16 July 2024, 20:25
By Furniture News Jan 10, 2023

ScS confirms acquisition of sofa-in-a-box brand

ScS has acquired the brand, domain names, website, intellectual property and stock of Snugsofa.com (Snug) from the administrator of Snug Shack for consideration of £875,000.

Snug, a digital-first sofa and sofabed business specialising in modular and re-configurable sofas, was founded by Robert and Peter Bridgman in 2018 as one of Europe’s first sofa-in-a-box concepts (see related), and has grown to become one of the largest retailers in this segment of the furniture market.

Although predominantly online, Snug also operates from one store in Leeds.

ScS CEO Steve Carson comments: “Snug is an exciting and young business with great potential. It has a strong and recognisable brand, a differentiated product and targets a market that complements our proposition. In that regard, it presents us with an exciting opportunity to further increase market share. We therefore, view it as a great strategic and cultural fit which reinforces our commitment to helping our customers create the home they love. We look forward to welcoming our new colleagues into the ScS family.” 

ScS expects there to be an opportunity to add Snug concessions to its stores, providing the brand with significantly improved national visibility and penetration. Snug’s brand and differentiated digital-first offering is set to complement ScS' existing proposition, further diversifying its customer base and increasing market share. Snug’s innovative approach to social engagement and digital marketing will be an asset to the wider ScS business while Snug will benefit from the group’s expertise, supplier relationships and scale, says ScS.

Snug has 53 members of staff who have been a significant part of its success, and that team will join the group as part of the acquisition. 

For the 12 months to 31st December 2022, Snug expects revenues of c.£20m.

Snug will report in line with the ScS' financial year, apply the group’s accounting policies, and is expected to be earnings accretive in FY24.

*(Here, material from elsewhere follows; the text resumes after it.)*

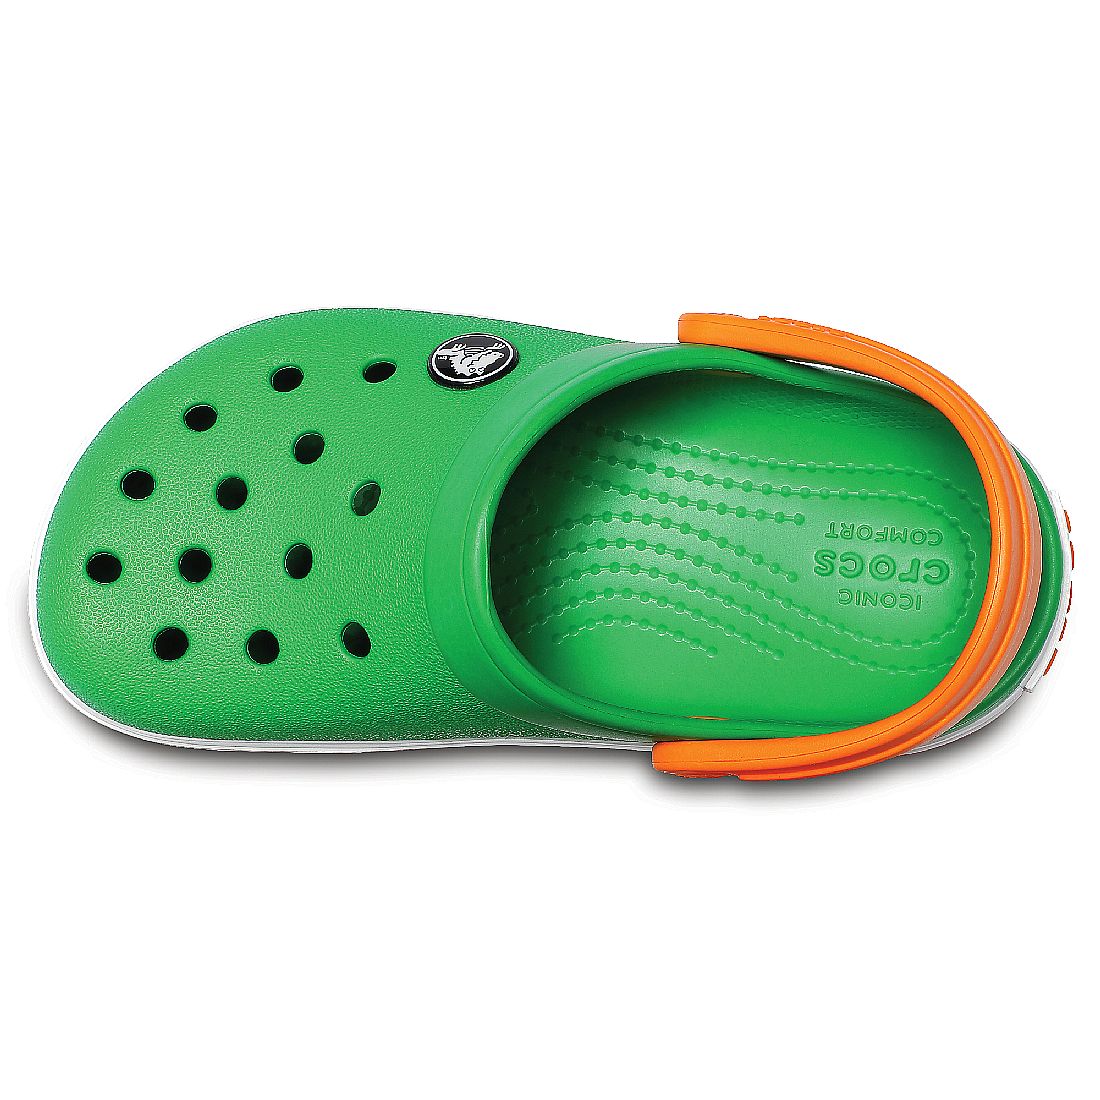 Crocs Crocband Clog K Kinder Junior Clog relaxed fit 204537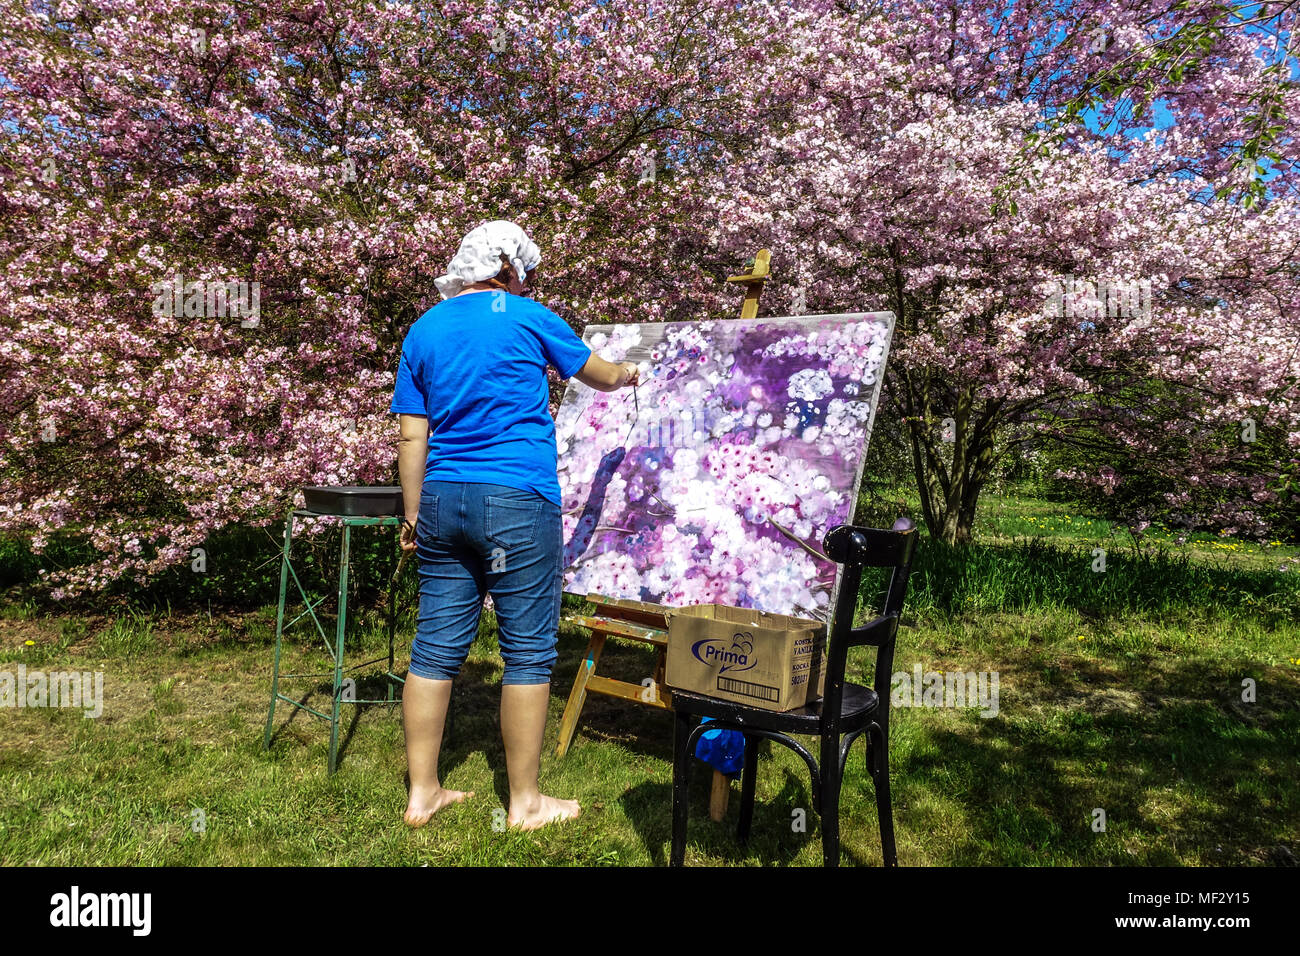 Une femme d'avoir une vue d'blossoming cherry trees in a garden Banque D'Images

A team from Evelyn Partners completed the sale of the business and assets, and says that in the 2021 financial year the company recorded revenues in excess of £30m, up from £7m a year before. As a digital-first company, the brand has subsequently grown a social media community of over 300,000 people and garnered multiple industry awards.

Despite big ambitions for 2022, Snug was faced with difficult trading conditions against a backdrop of a challenging economic climate, says Evelyn Partners – in particular, a +700% increase in shipping costs, unfavourable exchange rates, and further effects of the cost of living crisis. 

"It has been a rollercoaster few years balancing exponential growth with supply chain challenges and growing a team remotely through Covid," states Snug's management team. "Snug set out to disrupt the industry with fast and convenient delivery of modular sofas, and this new partnership with ScS supports us in our ambitions to be a leader in the industry. Snug’s loyal customer base has been the foundation of our success since the beginning, and we’re now looking forward to continuing this journey with their support and the support of such a well-respected and established partner.”